Biodistribution of Pt-195m labeled cisplatin in mice
All data together made it difficult to predict whether Pt-195 displays a different biodistribution in vivo in the two cell lines. As the two different cell lines can be grown as xenograft in immune deficient mice, we tested radiolabeled cisplatin accumulation. Figure 4A shows the biodistribution of the radioactive cisplatin in the VU-SCC-1131-bearing mice after 1, 6 and 24 hrs. We also tested peritoneal and intravenous administration. The administered Pt-195m cisplatin is rapidly, within the first hour, distributed to each organ. After the first hour, we did not observe large changes in biodistribution. Most of the circulating Pt-195m cisplatin is cleared through glomular filtration, because of the high accumulation of Pt-195m cisplatin in the urine fraction. Accumulation of Pt-195m cisplatin in the main clearing organs remains relatively high over time, with median renal/blood and liver/blood AUC ratios of 4.31 (2.82–4.41) and 2.46 (2.33–3.04) respectively. There were no significant differences in the distribution to the large organs between intravenous (IV) and intra-peritoneal (IP) administration of the Pt-195m cisplatin solution.(Supplementary table 1 and supplementary Fig. 3) Likewise, the difference in amount of uptake and retention in the xenografts was not significant between IV and IP drug delivery.(Supplementary Fig. 4)

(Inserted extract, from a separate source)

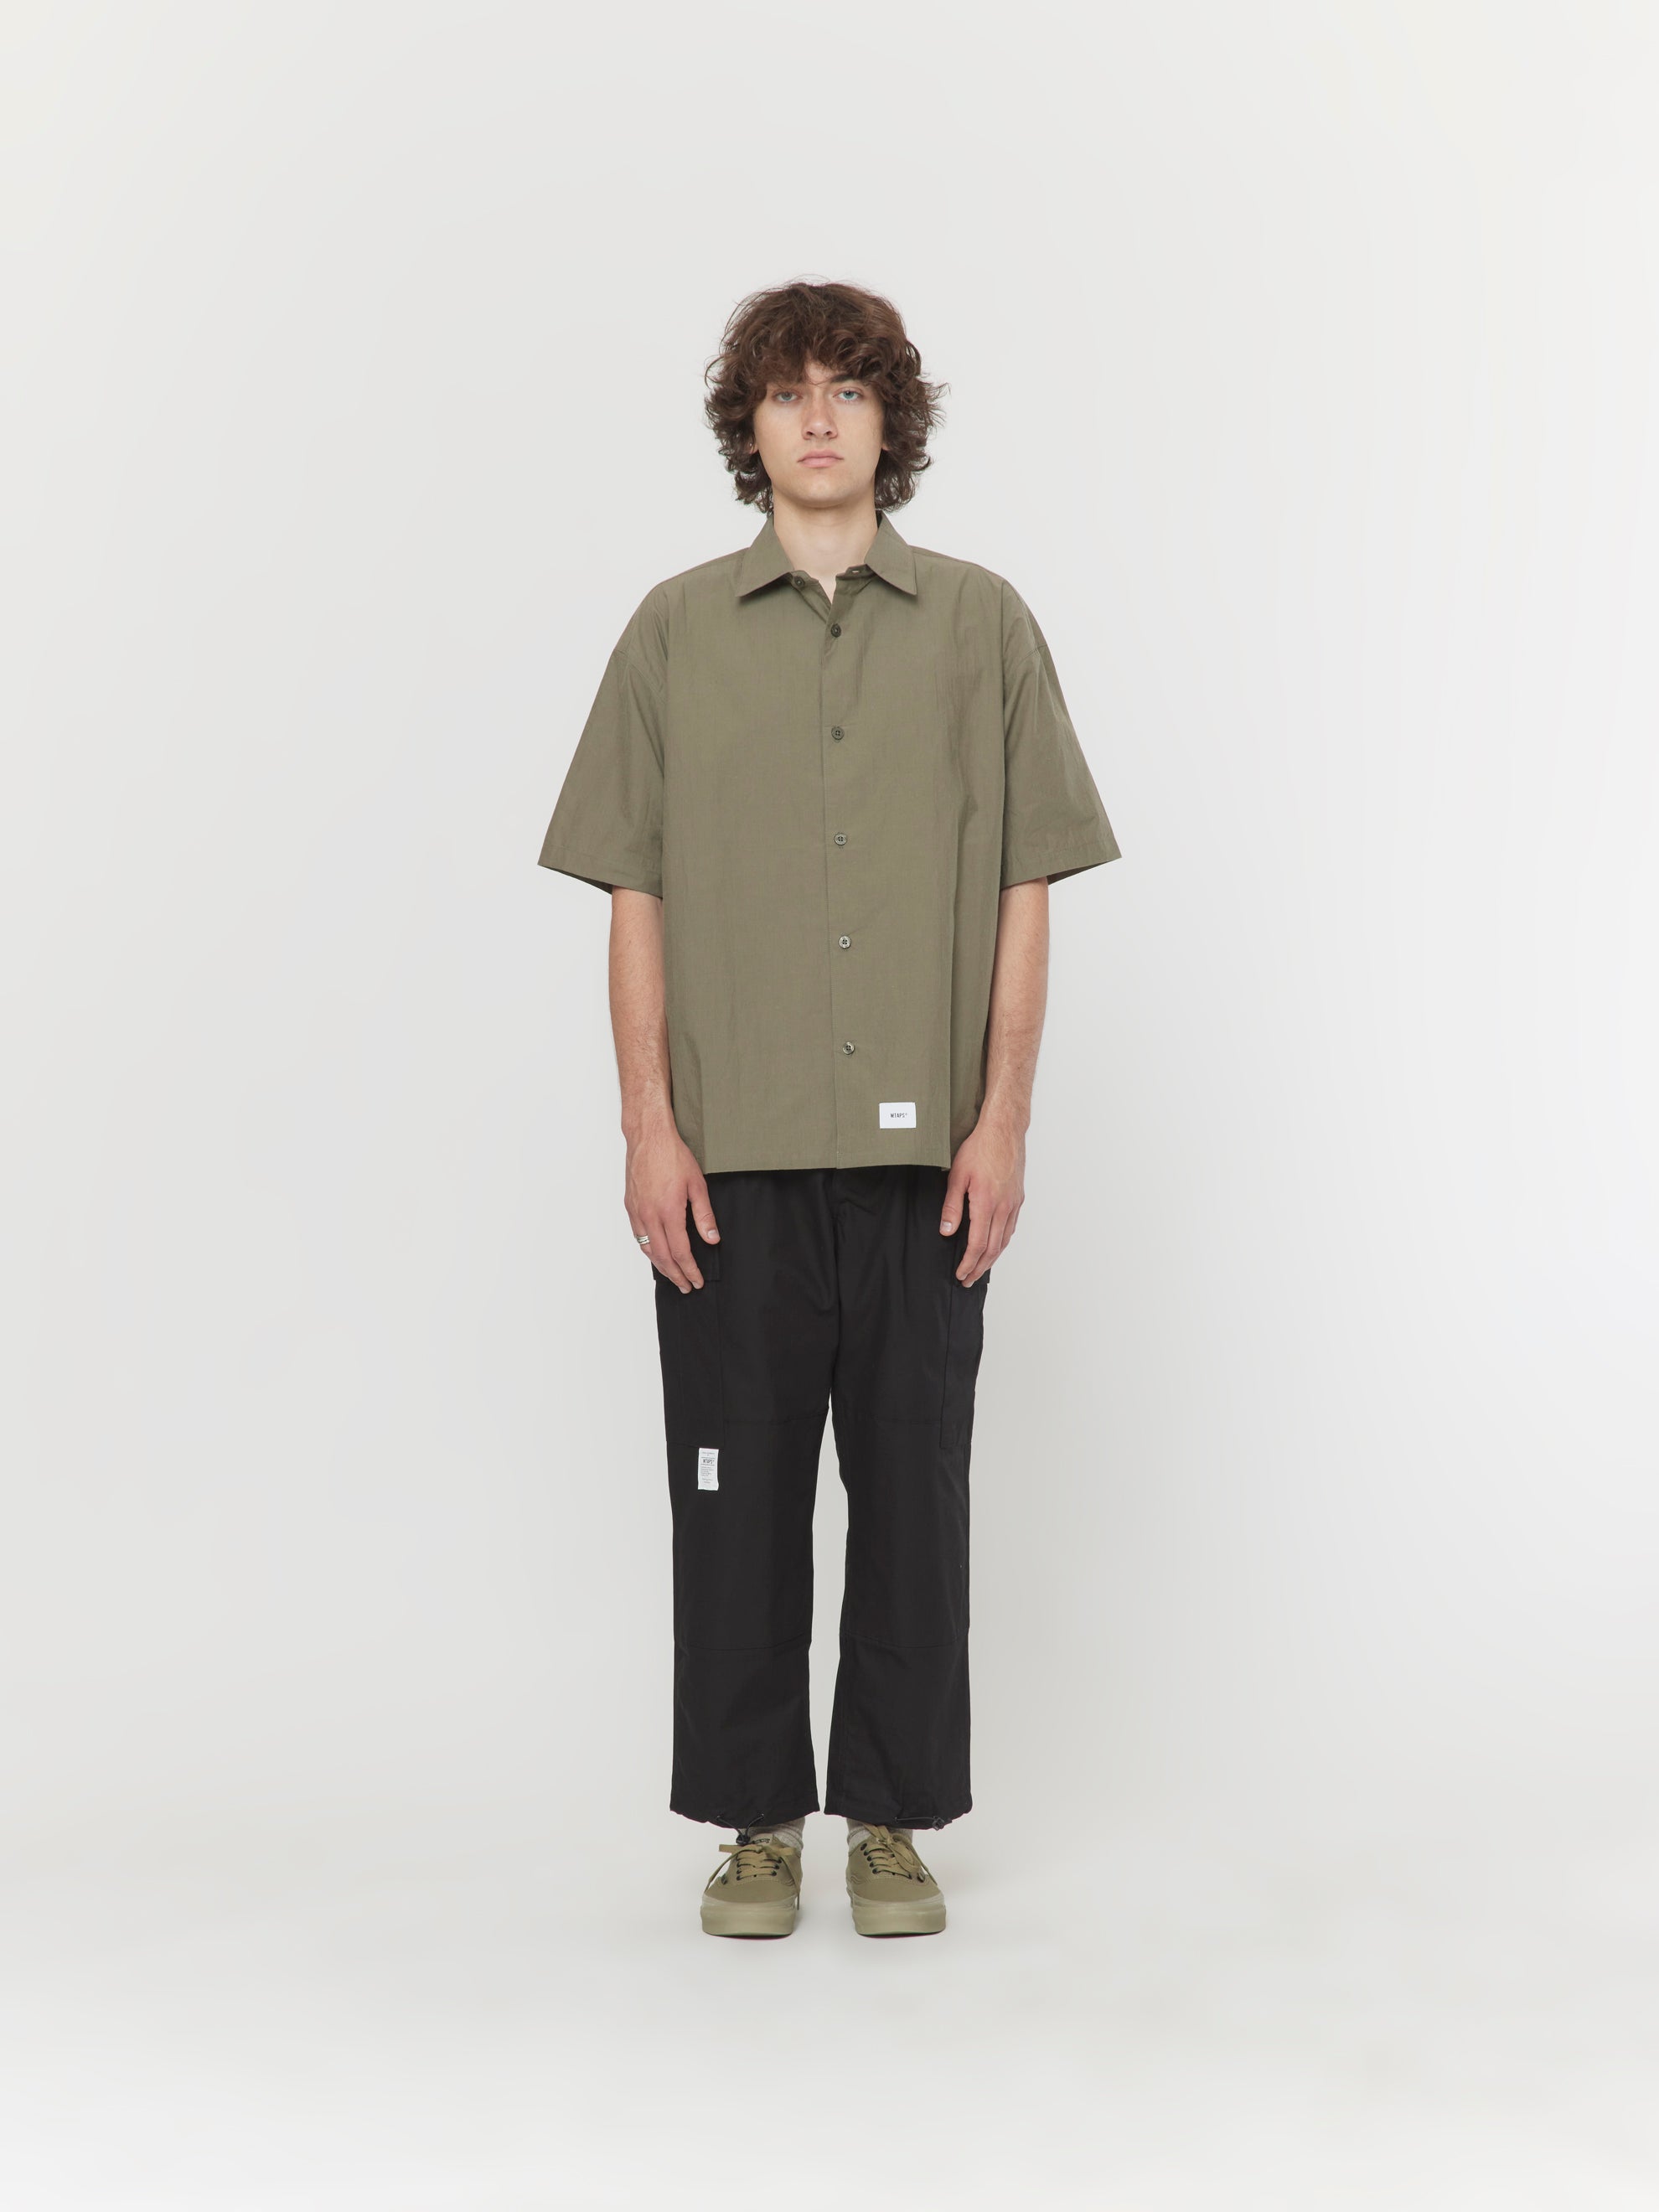 Buy Wtaps SHIRTS 04 Online at UNION LOS ANGELES

Uptake and retention of Pt-195m labeled cisplatin in xenografts
Figure 4B shows the uptake and retention of Pt-195m labeled cisplatin in xenografts of sensitive and non-sensitive cell lines. In the xenografts of both cell lines the uptake takes place within the first hour, with a maximum uptake at the 1 hour time point of 0.012 (0.010–0.014) for VU-SCC-1131 and 0.014 (0.012–0.018) for VU-SCC-OE median absorbed counts (as percentage of injected counts). There was a decline of retention of Pt-195m cisplatin, with lowest amounts after 48 hours in both cell lines (VU-SCC-1131 vs VU-SCC-OE; \(\stackrel{\sim}{\mathcal{x}}\) = .007 (0.007–0.009) vs \(\stackrel{\sim}{\mathcal{x}}\) = .007 (0.004–0.009)). A Wilcoxon signed-rank Test indicated that the maximum uptake in the sensitive cell line (VU-SCC-1131) was not statistically significant higher than the resistant cell line (VU-SCC-OE) Z = 7, p = .09 (Fig. 1B), and the amount of Pt-195m cisplatin remained equal at subsequent time points (6h: Z = 9, p = .33; 24h: Z = 15, p = .70; 48h: Z = 13, p = .91). The course of the uptake and retention measured by the AUC of the median percentage of absorbed counts-time curve was comparable between both cell lines (VU-SCC-1131: \(\stackrel{\sim}{\mathcal{x}}\) = 0.41 and VU-SCC-OE: \(\stackrel{\sim}{\mathcal{x}}\) = 0.45), the difference was not statistically different (Z = 19, p = .94).